Hello. I am Dr. Eileen O'Reilly, a gastrointestinal medical oncologist at Memorial Sloan-Kettering Cancer Center in New York, and Associate Professor of Medicine at Weill Cornell Medical College. Welcome to this edition of Medscape Oncology Insights, presented in association with Memorial Sloan-Kettering Cancer Center.

Here at the 2013 Annual Meeting of the American Society of Clinical Oncology (ASCO®), we continue to investigate new strategies to improve outcomes in gastrointestinal cancers. Today I want to speak to you about pancreatic cancer.

About 45,000 people are anticipated to be diagnosed with pancreas cancer in the United States in 2013, and about 200,000 people will be diagnosed worldwide. This cancer is increasing in incidence at the rate of about 1.5% per year. It is currently predicted to be an ever more increasing public health problem because of these rising incidence rates and mortality rates. This is in contradistinction to many of the other common solid tumors, such as breast, colorectal, and prostate cancer, where incidence rates have leveled off and even in some cases have started to decline.

BRCA Mutations Contribute to Risk

Risk factors for pancreas cancer are relatively few, and some are well defined, such as older age. The average age at diagnosis in North America is 72 years, and the risk increases substantially after the age of 50 years. Smoking is also associated with pancreas cancer. Long-standing conditions of the pancreas --diabetes and chronic pancreatitis -- account for a small percentage increase in pancreas cancer.

For most people, we don't know why they develop this disease. For about 7%-10%, there may be a genetic predisposition to this cancer. The BRCA1 and BRCA2 genes are associated with an increased risk for pancreas cancer. These genes probably account for 5%-8% of pancreas cancer, and their association with pancreas cancer is not as well known as it is for breast and ovary cancer and other malignancies.
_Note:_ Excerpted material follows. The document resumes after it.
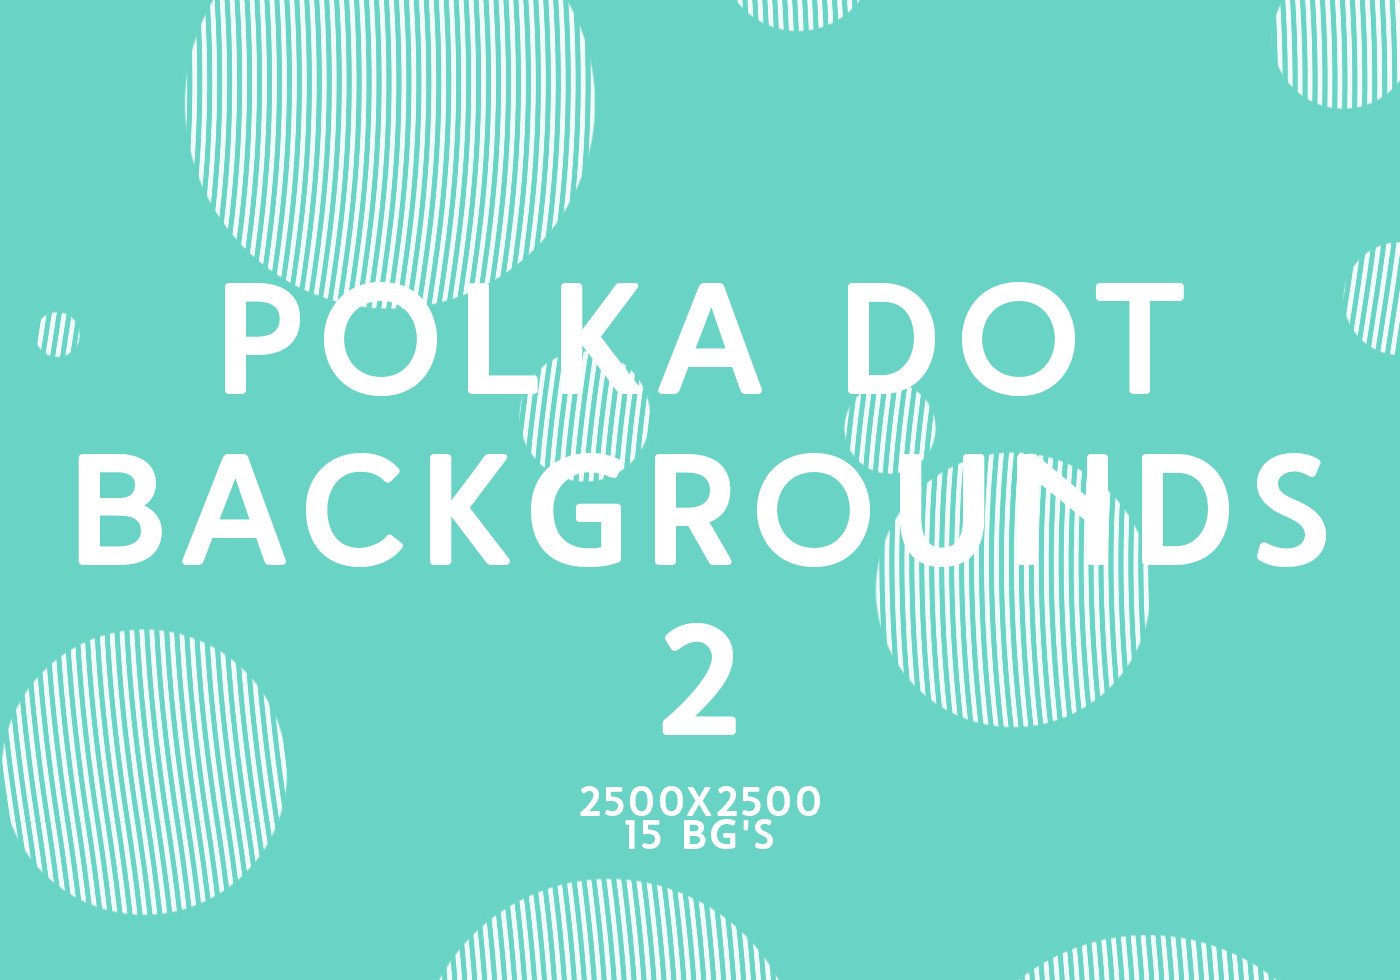 Polka Dot Backgrounds 2 Free shop Brushes at Brusheezy

There are implications for familial screening for this disease for carriers of BRCA1 and BRCA2 mutations, particularly if pancreas cancer has been present in the family. There may also be emerging therapeutic implications for this disease.

People with pancreas cancer who might harbor a BRCA mutation are those with a family history of pancreas cancer, ovarian cancer, breast cancer, and other malignancies. People who have eastern European Ashkenazi Jewish heritage also have a higher chance of carrying a BRCA mutation.